The ability of salts to stabilize proteins in vivo or intracellularly correlates with the Hofmeister series of ions.

Numerous studies have been conducted on the ability of salts to stabilize proteins in vitro using purified proteins demonstrating the fact that the ability of salts to stabilize proteins correlates with the Hofmeister series of ions. Using the well characterized bacterial aqueous cytosolic ß-galactosidase and catechol 2,3-dioxygenase enzymes, we demonstrated that salts can stabilize proteins in vivo or intracellularly as well and that the ability of salts to stabilize these two proteins intracellularly also correlates with the Hofmeister series of ions. Na2SO4 and Na2HPO4 were very effective at stabilizing both proteins, followed by NaCl, NH4Cl and (NH4)2HPO4, while NH4CH3CO2, (NH4)2SO4 and NaCH3CO2 did not stabilize either of the proteins. We also investigated the ability of salts to rescue a collection of well characterized nonfunctional ß-galactosidase and catechol 2,3-dioxygenase missense mutants that our laboratory has created. 73.33% of the ß-galactosidase missense mutants could be rescued by salt, while only 33.33% of the catechol 2,3 dioxygenase missense mutants could be rescued by salt. This observation was explained by the differences in densities for the two proteins. Catechol 2,3 dioxygenase is almost twice as dense or compact as ß-galactosidase and thus it is far easier for salts to penetrate and rescue inactive ß-galactosidase proteins. 68.42% of the missense mutants that were rescuable by salt contained mutations that affected amino acids on the surface of the protein and is consistent with the likelihood that salt is able to rescue missense mutants that affect amino acids located on the surface of the protein much more readily than salt can rescue missense mutants that affect amino acids buried in the protein.

Nonfunctional Missense Mutants in Two Well Characterized Cytosolic Enzymes Reveal Important Information About Protein Structure and Function.
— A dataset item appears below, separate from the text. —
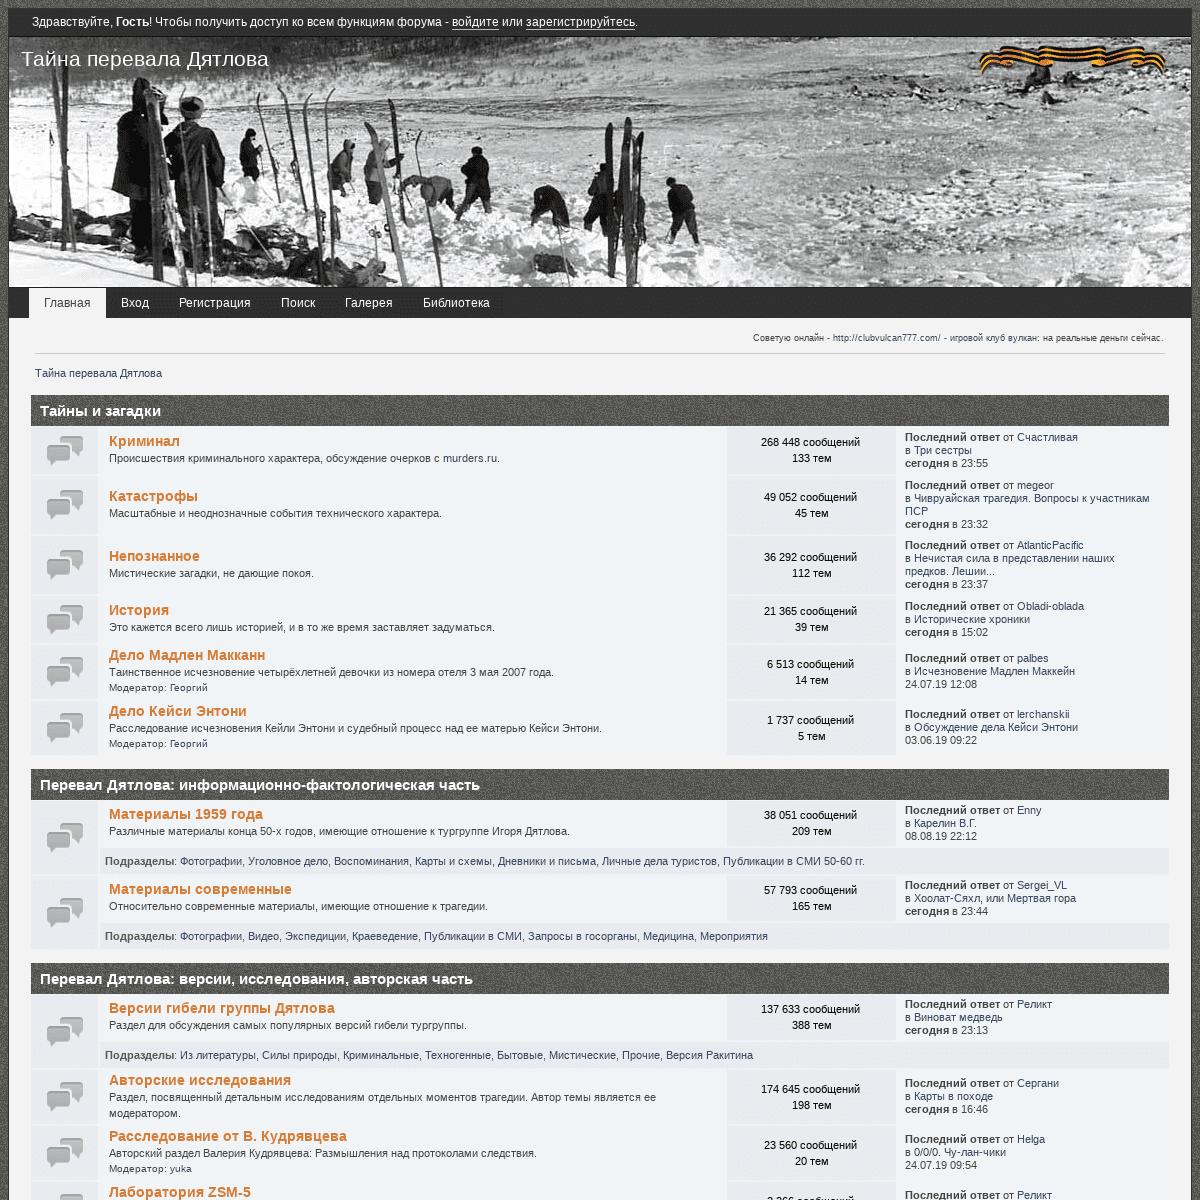 ArchiveBay.com - taina.li - Перевал Дятлова, тайна перевала Дятлова - версии, фото, материалы. Фору

The isolation and characterization of 42 unique nonfunctional missense mutants in the bacterial cytosolic ß-galactosidase and catechol 2,3-dioxygenase enzymes allowed us to examine some of the basic general trends regarding protein structure and function. A total of 6 out of the 42, or 14.29% of the missense mutants were in α-helices, 17 out of the 42, or 40.48%, of the missense mutants were in ß-sheets and 19 out of the 42, or 45.24% of the missense mutants were in unstructured coil, turn or loop regions. While α-helices and ß-sheets are undeniably important in protein structure, our results clearly indicate that the unstructured regions are just as important. A total of 21 out of the 42, or 50.00% of the missense mutants caused either amino acids located on the surface of the protein to shift from hydrophilic to hydrophobic or buried amino acids to shift from hydrophobic to hydrophilic and resulted in drastic changes in hydropathy that would not be preferable. There was generally good consensus amongst the widely used algorithms, Chou-Fasman, GOR, Qian-Sejnowski, JPred, PSIPRED, Porter and SPIDER, in their ability to predict the presence of the secondary structures that were affected by the missense mutants and most of the algorithms predicted that the majority of the 42 inactive missense mutants would impact the α-helical and ß-sheet secondary structures or the unstructured coil, turn or loop regions that they altered.

The Promiscuous sumA Missense Suppressor from Salmonella enterica Has an Intriguing Mechanism of Action.

While most missense suppressors have very narrow specificities and only suppress the allele against which they were isolated, the sumA missense suppressor from Salmonella enterica serovar Typhimurium is a promiscuous or broad-acting missense suppressor that suppresses numerous missense mutants. The sumA missense suppressor was identified as a glyV tRNA Gly3(GAU/C) missense suppressor that can recognize GAU or GAC aspartic acid codons and insert a glycine amino acid instead of aspartic acid. In addition to rescuing missense mutants caused by glycine to aspartic acid changes as expected, sumA could also rescue a number of other missense mutants as well by changing a neighboring (contacting) aspartic acid to glycine, which compensated for the other amino acid change. Thus the ability of sumA to rescue numerous missense mutants was due in part to the large number of glycine codons in genes that can be mutated to an aspartic acid codon and in part to the general tolerability and/or preference for glycine amino acids in proteins. Because the glyV tRNA Gly3(GAU/C) missense suppressor has also been extensively characterized in Escherichia coli as the mutA mutator, we demonstrated that all gain-of-function mutants isolated in a glyV tRNA Gly3(GAU/C) missense suppressor are transferable to a wild-type background and thus the increased mutation rates, which occur in glyV tRNA Gly3(GAU/C) missense suppressors, are not due to the suppression of these mutants.